All following topics are primarily meant for students who want to do thesis (B.Sc., M.Sc., Ph.D.) on the corresponding topic. Otherwise, please clearly state your motivation.

**Bulletin boards**

In context of e-voting, but also many other applications, one often assumes that one has access to a secure public bulletin board with the following functionality:

- everybody can write to it and read it

- nobody can erase messages from it

In Estonia, there has been done significant amount of research on time-stamping that can be seen as approximating bulletin boards. However, time-stamping provides usually a single server that is a single point of failure. A better approach in applications like e-voting is to use multi-party computation, guaranteeing byzantine fault tolerance; i.e., fault tolerance given that a large portion of servers is online and non-malicious at any given moment.

A student is expected to make a survey of some relevant papers (see [1] and papers referred there / referring to it) that states clearly the objectives of byzantine fault tolerance, describes some of the best protocols for it, and performs efficiency analysis.

[1] Castro, Liskov. Practical Byzantine Fault Tolerance and Proactive Recovery, 2002

B.Sc., M.Sc. or Ph.D. level

**Incoercible e-voting**

Most cryptographic protocols are supposed to provide privacy and correctness. On top of it, an e-voting protocol also has to be incoercible. Intuitively, this means that nobody should be able to coerce voters into voting against this will. While this sounds intuitive, achieving incoercibility in the real world is complicated by many issues; in particular, since it collides with another desired property (verifiability). Achieving both without cheating (e.g., giving voters secure hardware) is impossible [1]. Moreover, it has also been difficult to formalize incoercibility in a way that would result in some realistic properties; there have been several attempts, the most recent one being [2]. On the other hand, while the formalization of [2] is interesting, the resulting protocol assumes too much from the trusted hardware, and also seems to be quite inefficient.

A student is expected to make a survey mostly about [2], surveying the definition of incoercibility and the proposed e-voting protocol. On top of it, the student ought to read more papers on incoercibility and describe alternative protocols.

[1] Chevallier-Mames, Fouque, Pointcheval, Stern, Traoré. On Some Incompatible Properties of Voting Schemes, 2006

[2] Alwen, Ostrovsky, Zhou, Zikas.
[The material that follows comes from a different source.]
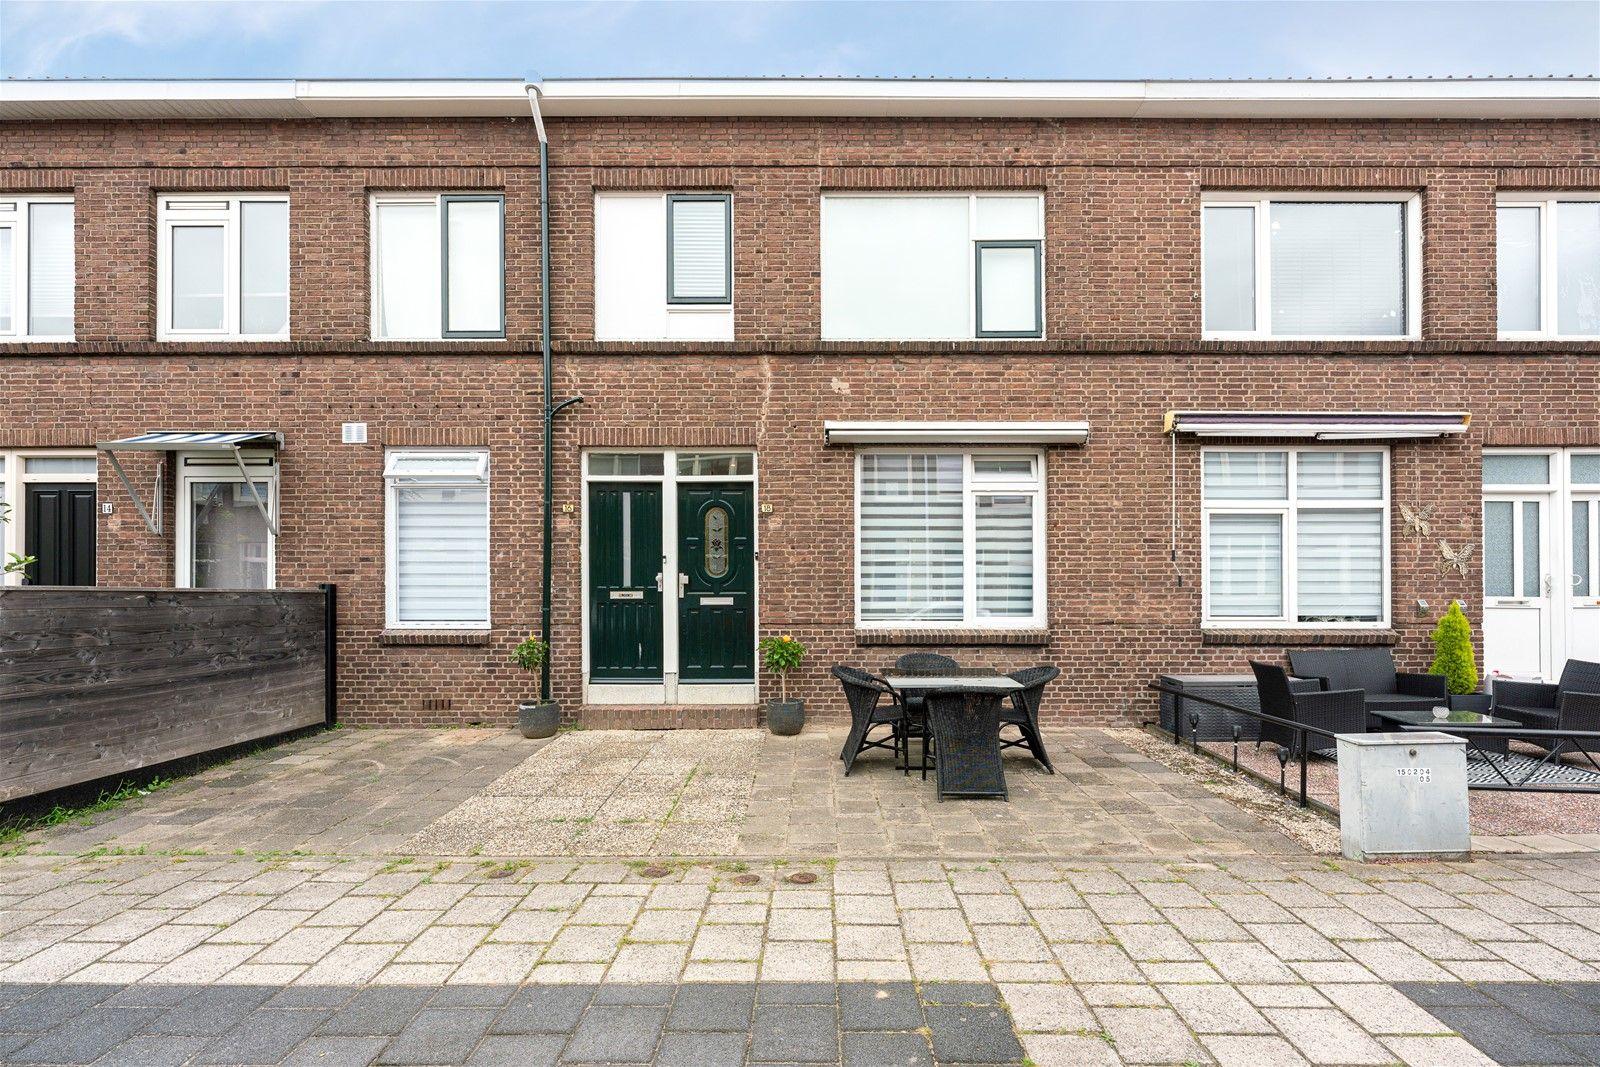 Camphuijzenstraat 18, Dordrecht

Incoercible Multi-party Computation and Universally Composable Receipt-Free Voting. Crypto 2015

B.Sc., M.Sc. or Ph.D. level

*Assigned to Sergio Andrés Figueroa Santos*

**Efficient Shuffle Arguments**

Intuitively, a mix-net consists of sequential mix-servers. Each mix-server obtains a list of ciphertexts, shuffles them randomly, rerandomizes, and sends the result to the next mix-server. A typical application of a mix-net is e-voting, where each voter sends an encrypted ballot to the mix-net, and the output is equal to encryptions of the same-ballots but in a random order.

If at least one mix-server is honest, then this guarantees "location privacy" in the sense that one cannot create a link between any output ciphertext and the corresponding input ciphertext. To achieve correctness,each mix-server also construct a zero-knowledge shuffle argument (ZKSA). If the ZKSA verifies, then it is guaranteed that this mix-server performed correctly, without violating privacy. This means, that any mix-server who operates incorrectly (e.g., tries to change the encrypted ballots), is caught.

There are many efficient shuffle arguments. The student is expected to compare some of the most efficient ZKSAs: this includes writing down the intuitive explanation of how those arguments work, concrete arguments, explaining security proofs, and also efficiency analysis. Lipmaa is a site leader of a large EU project on mix-nets; and is especially interested in students working on this topic. Some example ZKSAs are listed below:

[1] Groth. A Verifiable Securet Shuffle of Homomorphic Encryptions. 2010

[2] Furukawa. Efficient and Verifiable Shuffling and Shuffle Decryption. 2005

[3] Terelius, Wikström. Proofs of Restricted Shuffles. 2010; More efficient version commerically available as "Verificatum" (http://www.verificatum.org/)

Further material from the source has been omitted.